The program consisted of Doris Humphrey's Air for the G String and Limon's Orfeo, Chaconne, and Waldstein Sonata, the latter of which was revived and completed by Daniel Lewis after Limon's death.

Miliosr described Air on a G String (1928) above, and I don't have much to add--the costumes are very key players in this work. The dancers described performing this as somewhat spiritual and meditative, which you could tell in watching them.

Orfeo is a relatively work of Limon's based on the myth of Orpheus and Eurydice. As per the program, "Orfeo, dancing his lyrical lament of love and loss, calls his beloved Eurydice from the dead. Swathed in veils and protected by her Guardians, she come and their duet of the love of the souls ensues. The reality of death comes and Eurydice returns to Hades, leaving Orfeo once again with his tortuous doubts and hopes." This is one of Limon's last works, premiering just months before his death and not long after his wife's death, which provided the impetus for his choice of this story. It included more virtuosic dancing, especially for Orfeo. Orfeo was danced by Nicholas Ruscica and Eurydice by Frances Lorraine Samson.

Chaconne was next on the program and is the only dance on the program that I had seen previously. In that case, at Jacob's Pillow, an archival film of Limon dancing was shown and then danced live with several dancers each performing part of the role. Here, it was performed by just one dancer, Savannah Spratt, and I much preferred seeing it this way. 

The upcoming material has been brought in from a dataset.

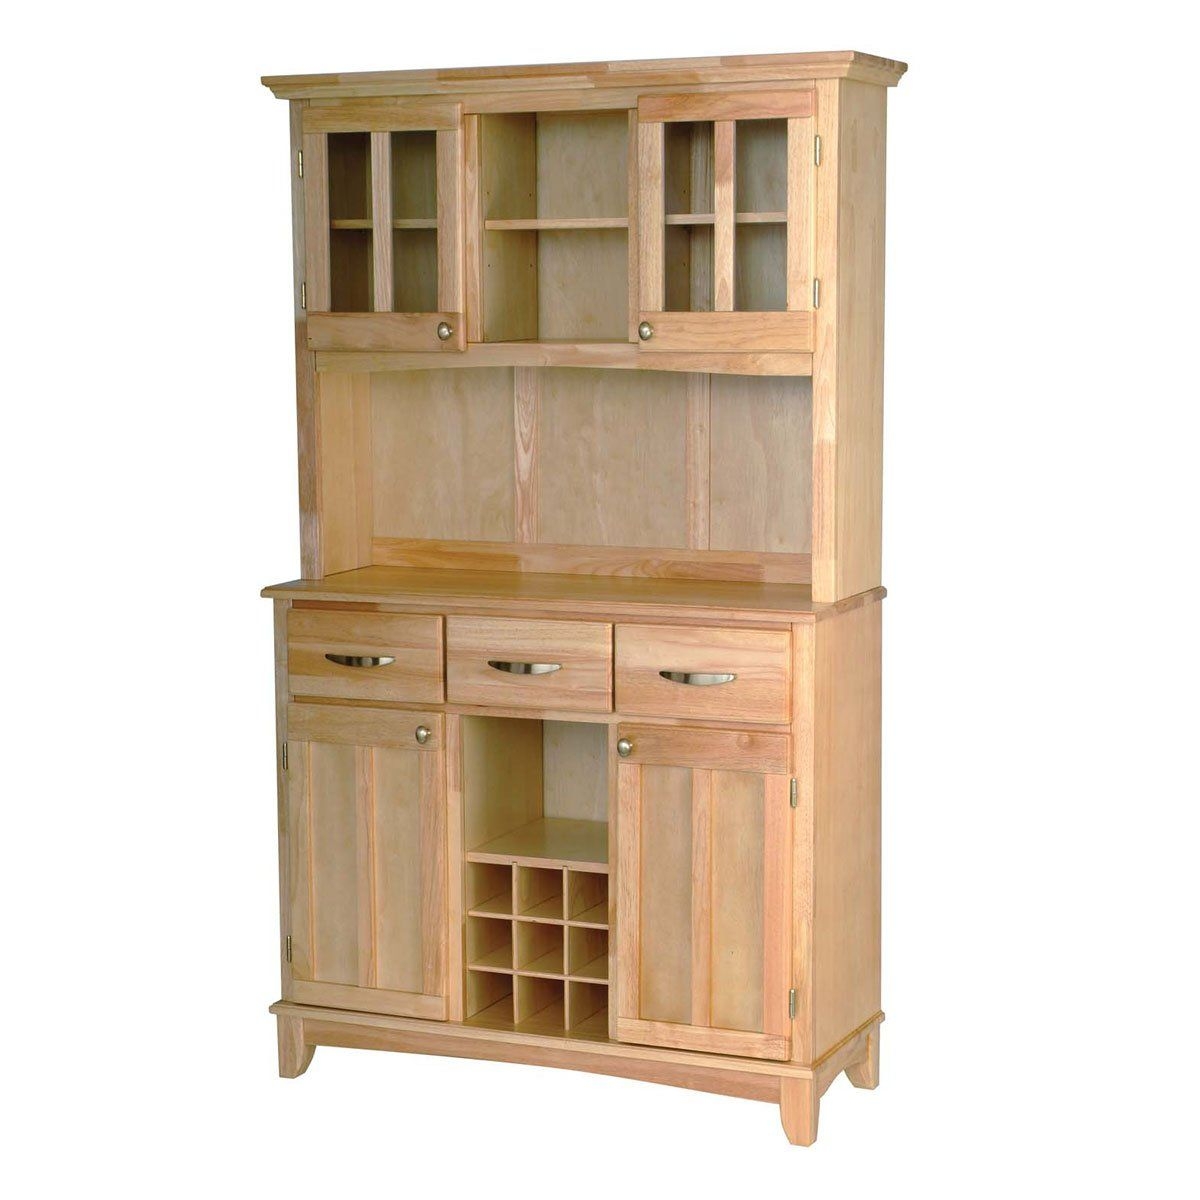 Large wood bakers rack with two door hutch

Last, but not least was my favorite, Waldstein Sonata, which was Limon's last work, to Beethoven's Piano Sonata no 21 in C Major, Opus 53. As I indicated early, it was not complete at his death. In an answer to a question from the audience, we were told that all of the first movement had been choreographed and there were parts of the second and third movements, but the strings of movement hadn't been put together. It was reconstructed and first performed in 1975, 3 years after Limon's death. I certainly couldn't tell any differences between the quality of the different movements. This was a very bright and happy dance for four couples, and it ended the evening on a very good note.